Trigonometric Identities
Trigonometric identities are essential tools for simplifying complex trigonometric expressions and solving integrals involving trigonometric functions.
In this exercise, we utilize several trigonometric identities to transform the integral into a more manageable form.
In this exercise, we utilize several trigonometric identities to transform the integral into a more manageable form.
- The identity \( \sin^2 y = 1 - \cos^2 y \) helps convert powers of sine into cosine.
- Using \( \cos^2 y = \frac{1 + \cos 2y}{2} \), the integral simplifies further, allowing us to break it down into simpler parts.
Integration by Substitution
Integration by substitution is a fundamental technique in calculus used to find integrals where direct integration is challenging.
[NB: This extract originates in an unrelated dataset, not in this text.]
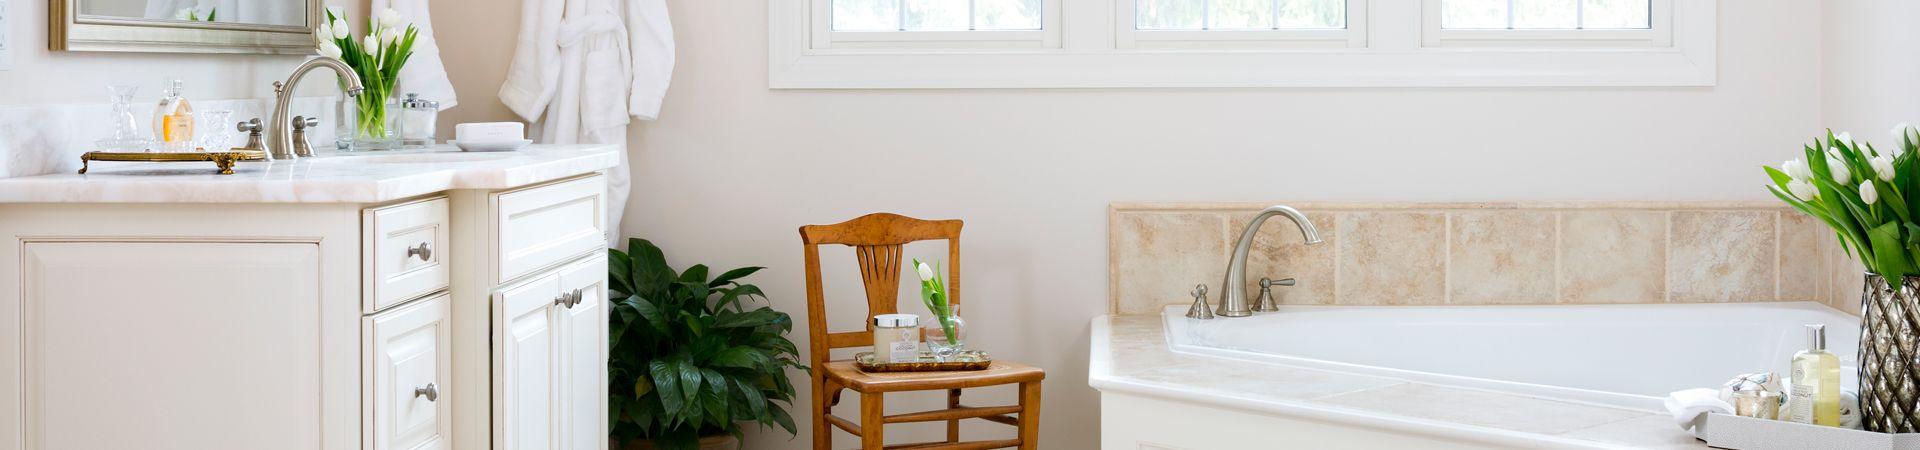 Bathroom remodeling in Fairfax VA, Northern Virginia, MD, DC

It involves substituting a part of the integrand with a single variable, simplifying the expression. This method is particularly useful when dealing with complicated trigonometric expressions.
In this problem, we effectively applied substitution by replacing parts of the trigonometric expression with simpler forms using identities, making the integration process straightforward. Although explicit substitution isn't used, the principle of simplification via substitution plays a critical role.
It involves substituting a part of the integrand with a single variable, simplifying the expression. This method is particularly useful when dealing with complicated trigonometric expressions.
In this problem, we effectively applied substitution by replacing parts of the trigonometric expression with simpler forms using identities, making the integration process straightforward. Although explicit substitution isn't used, the principle of simplification via substitution plays a critical role.
Integral Calculus
Integral calculus deals with finding the antiderivatives of functions, calculating areas under curves, and solving accumulation problems.
In the exercise, we focus on evaluating definite integrals using integration techniques and trigonometric identities.
In the exercise, we focus on evaluating definite integrals using integration techniques and trigonometric identities.
- The concept of separating an integral into parts allows solving complex integrals as sums of simpler ones.
- By solving each simple integral individually, we then combine the results to obtain the final answer.
Definite Integrals
Definite integrals calculate the area under a curve over a specific interval. They provide exact values unlike indefinite integrals, which offer general solutions with unknown constants.
In this problem, we solved the integral from \(0\) to \(\pi\), which required careful evaluation of simpler integrals within the given interval.
In this problem, we solved the integral from \(0\) to \(\pi\), which required careful evaluation of simpler integrals within the given interval.
- Using definite integrals, we determine exact areas or quantities, such as the total accumulated area under a trigonometric curve over the specified bounds.
- The results are precise, giving a clear and concrete value for the integral's outcome.